Kazarosian has been appointed to the newly created Massachusetts Peace Officer Standards and Training Commission — POST for short. She is one of nine members of the group.

Massachusetts Attorney General Maura Healey said in a joint statement with Nevada Attorney General Aaron Ford, who together co-chair the Democratic Attorneys General Association, that there was "accountability for George Floyd’s murder. But the work for justice continues. Democratic AGs stand in solidarity with people across the country who are fighting to bring equity and fairness to the justice system.

“Today, we recommit to working to end the injustice of police killings without consequence – disproportionately affecting Black, Brown and other communities and families of color.”

She added: “To those marching in the streets for continued justice and progress, know that we stand with you in the fight for reforms, and are working to make sure systemic change happens at the state and federal level.”

Gov.
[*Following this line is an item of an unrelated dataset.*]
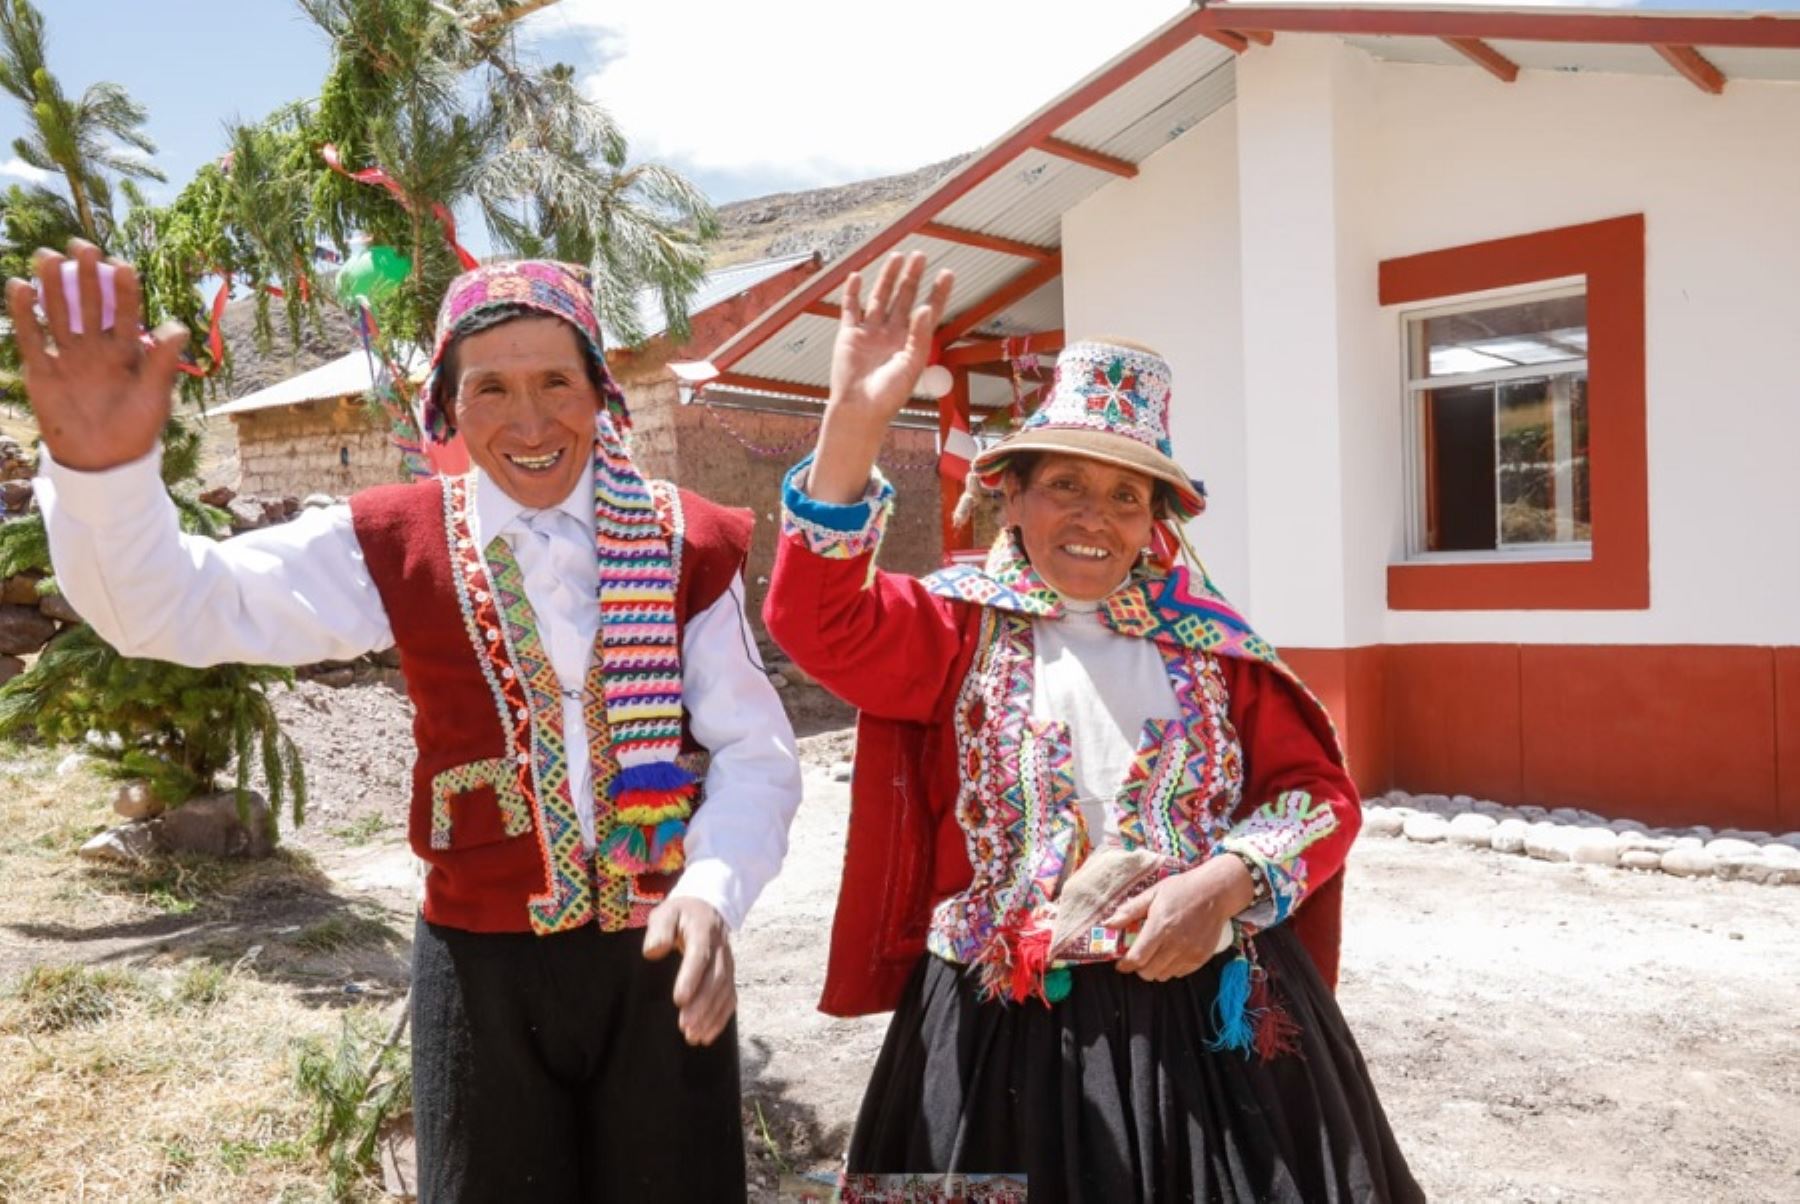 El Ministerio de Vivienda, Construcción y Saneamiento (MVCS) entregó 41 viviendas bioclimáticas Sumaq Wasi que protegerán de las bajas temperaturas a familias de zonas rurales de los distritos de Checacupe, Combapata y Pitumarca, en la provincia de Canchis, departamento de Cusco.

Charlie Baker applauded the verdict and the response from state and local officials across the country who have enacted "significant law enforcement reforms, including here in Massachusetts.

“Massachusetts enacted one of the most comprehensive police training, transparency and accountability laws in the country at the end of last year. We owe it to all those whose lives have been lost to do all we can to successfully implement that law, and sustain its aspirations far into the future.”

Baker added, "Nothing can reverse the pain, suffering and agony of George Floyd’s family and friends, but this decision does make clear that Officer Chauvin was not above the law. He was given a fair trial, found guilty, and he will pay a price for his actions."

Baker signed an order that will make up to 1,000 members of the Massachusetts National Guard available in the event that local officials request their assistance in case of unrest in Boston.

“As we do for all potential large-scale gatherings in the Commonwealth, the Executive Office of Public Safety and Security has been working with our local, state, and federal partners to ensure public safety personnel can be on hand if the need arises,” said EOPSS Secretary Thomas Turco. “These are standard precautionary measures to protect the rights and safety of all residents, and there is no indication of any public safety risk in Massachusetts.”

Andover police Lt. Eddie Guy said members of the Andover Police Department were deployed to Boston as part of NEMLEC, a regional SWAT team.